[Exercise data]
□ □ □ □ □ □ □

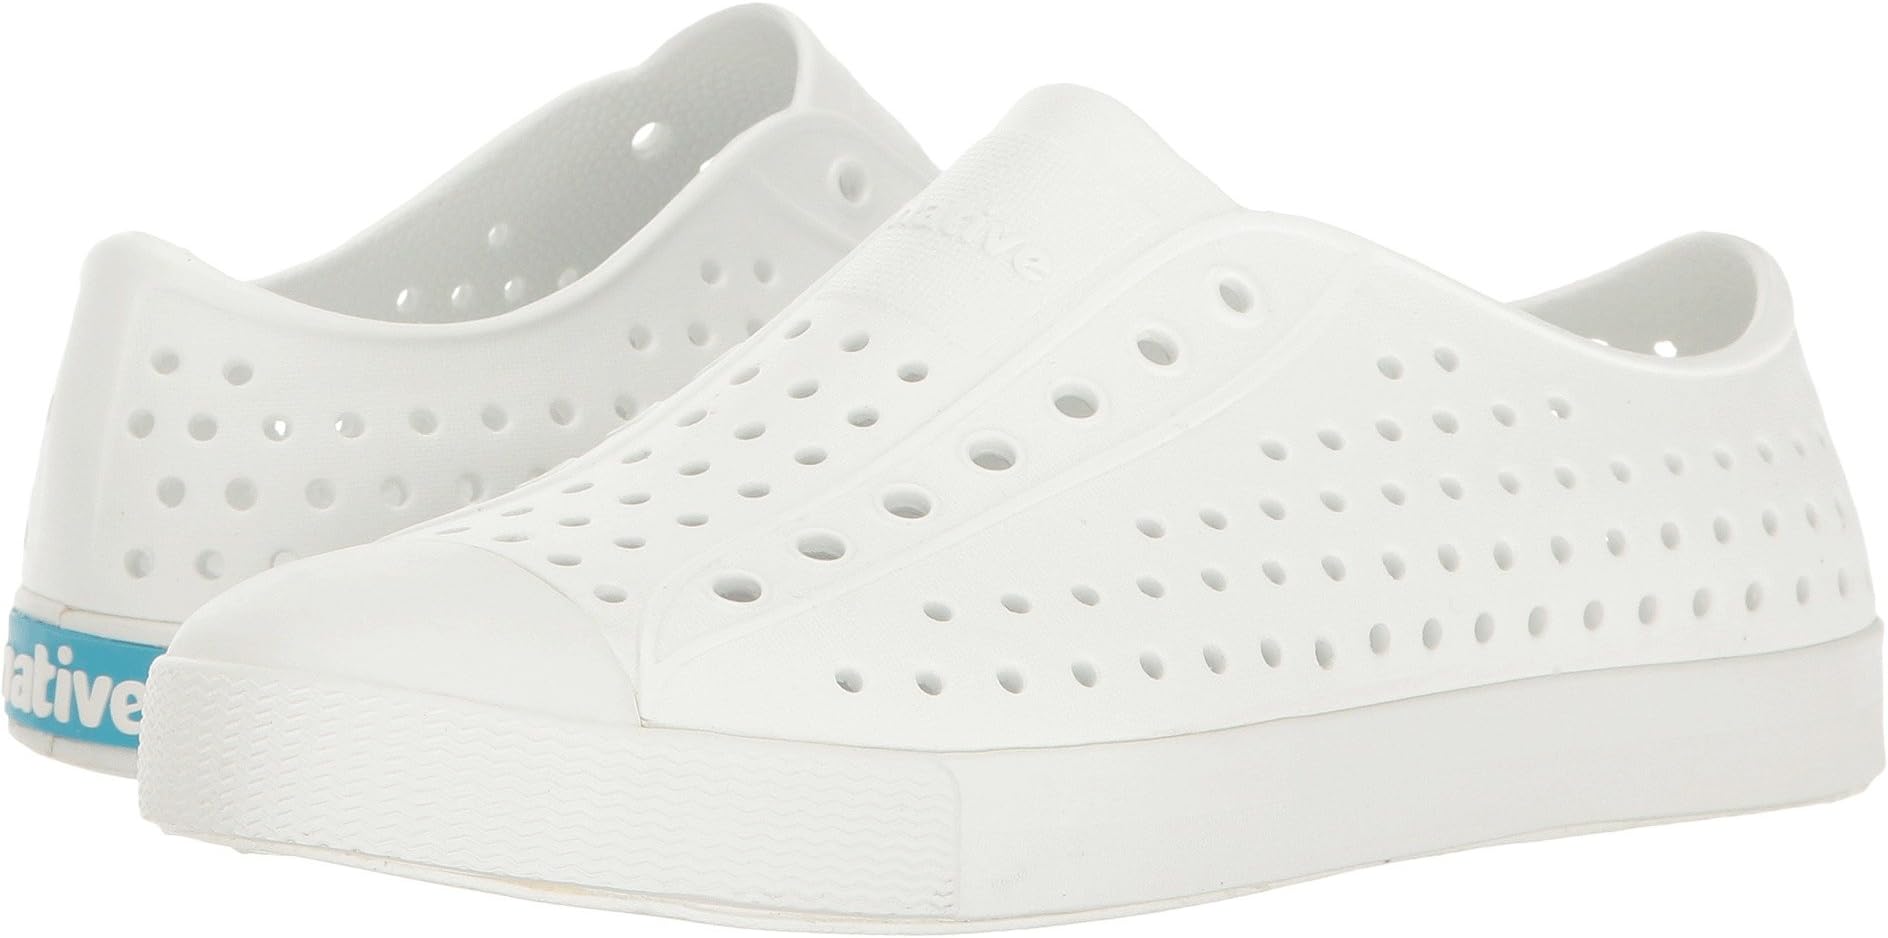 Кроссовки Jefferson Slip-on Sneakers Native Shoes Kids, цвет Shell White/Shell White цена и фото
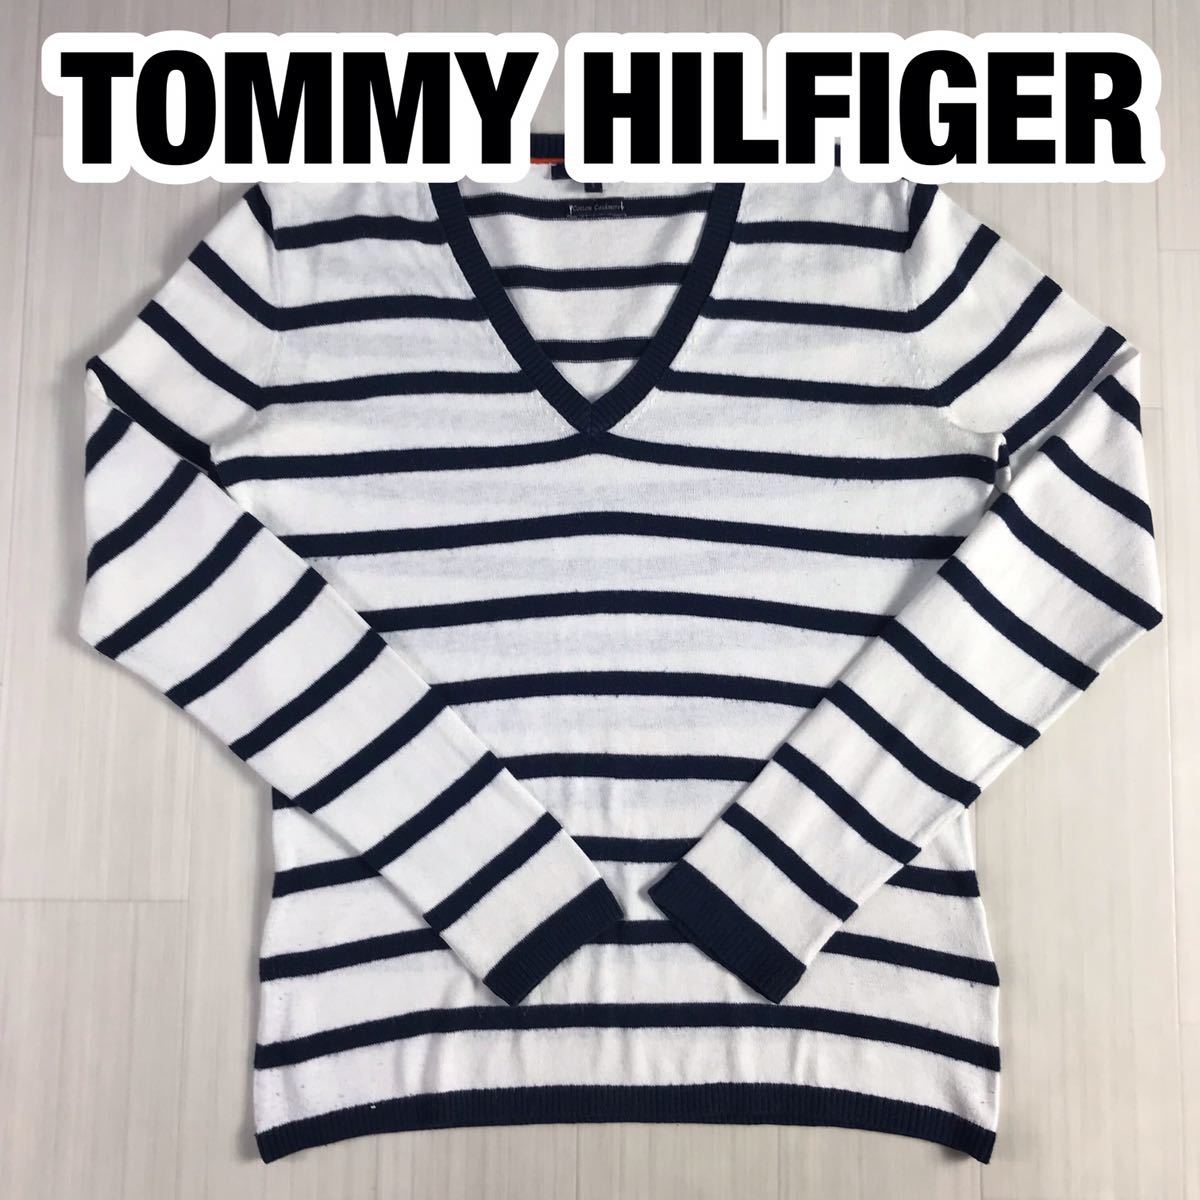 TOMMY HILFIGER トミー ヒルフィガー 長袖ニット セーター S ボーダー柄 ホワイト×ネイビー Vネック 刺繍ロゴ_画像1
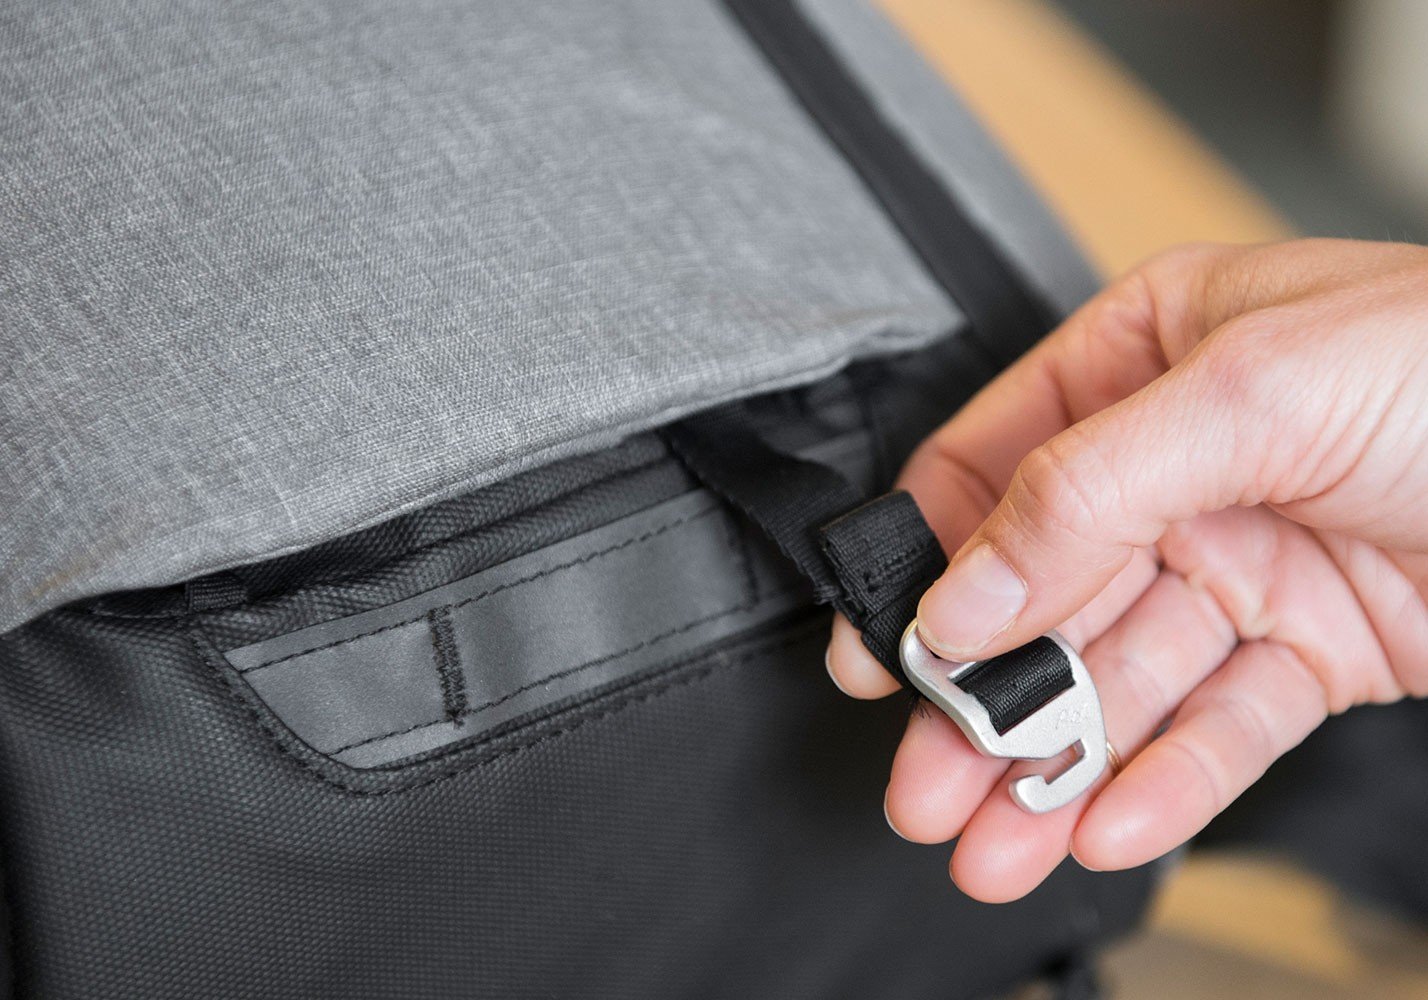 PEAK DESIGN - Everyday Backpack 30L - 炭灰色
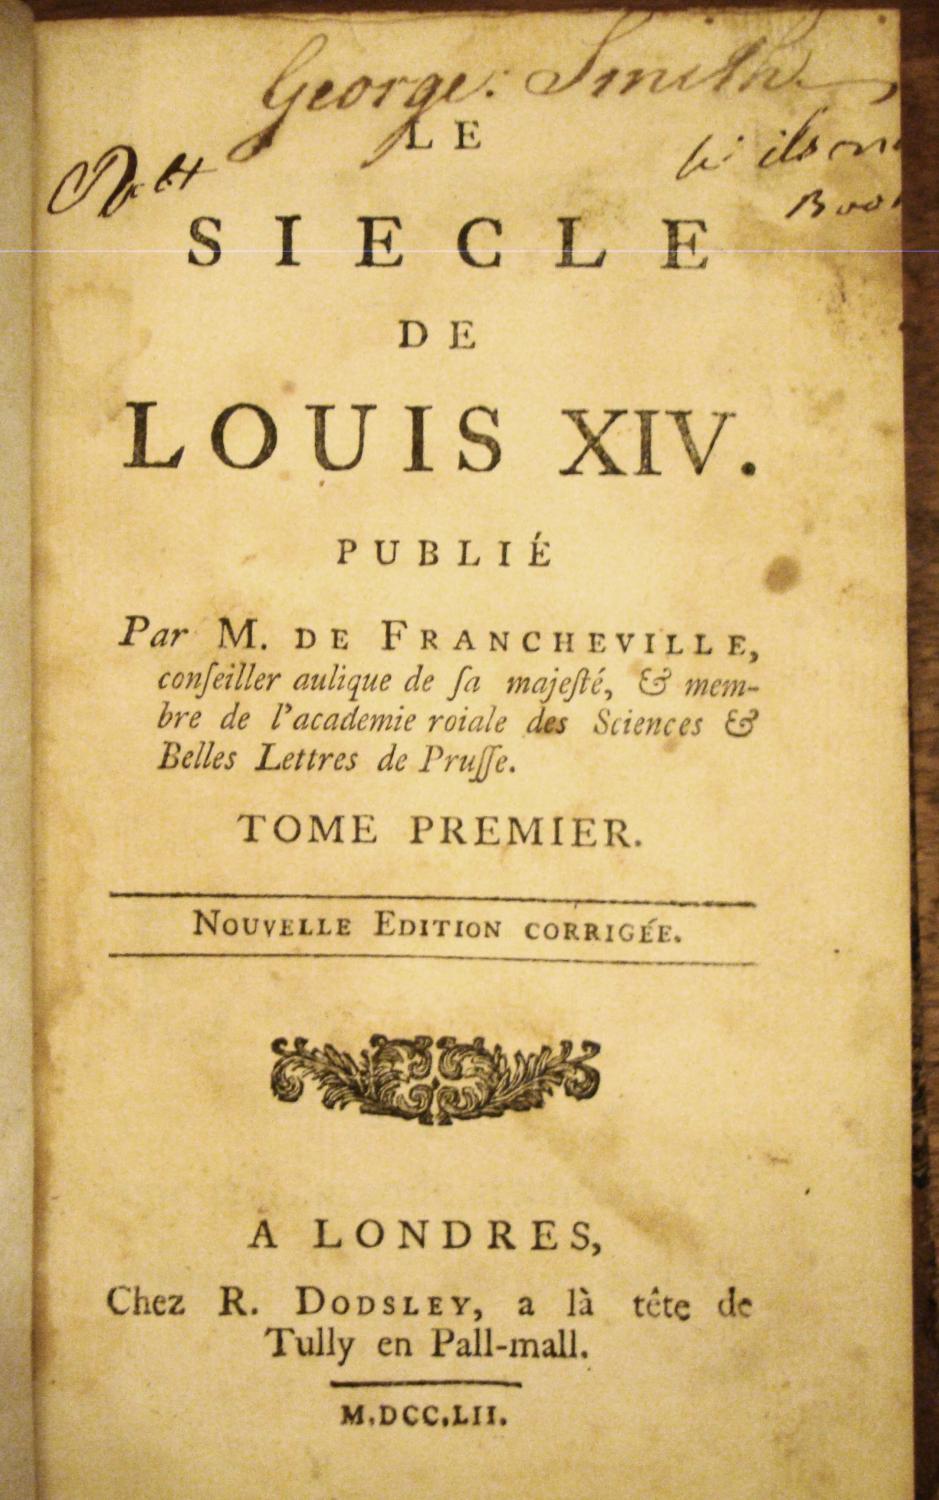  La Palatine, dans l?ombre de Louis XIV (French Edition):  9782351540282: JAMIN (Pierre-André).: Books

□ □ □ □ □ □ □

[Exercise instructions] Exclude the pictures from the copy. Retype exactly the lines running from the one containing "PEAK DESIGN - Everyday Backpack 30L - 炭灰色" through the last line of the listing.

[Expected answer]
 PEAK DESIGN - Everyday Backpack 30L - 炭灰色
  La Palatine, dans l?ombre de Louis XIV (French Edition):  9782351540282: JAMIN (Pierre-André).: Books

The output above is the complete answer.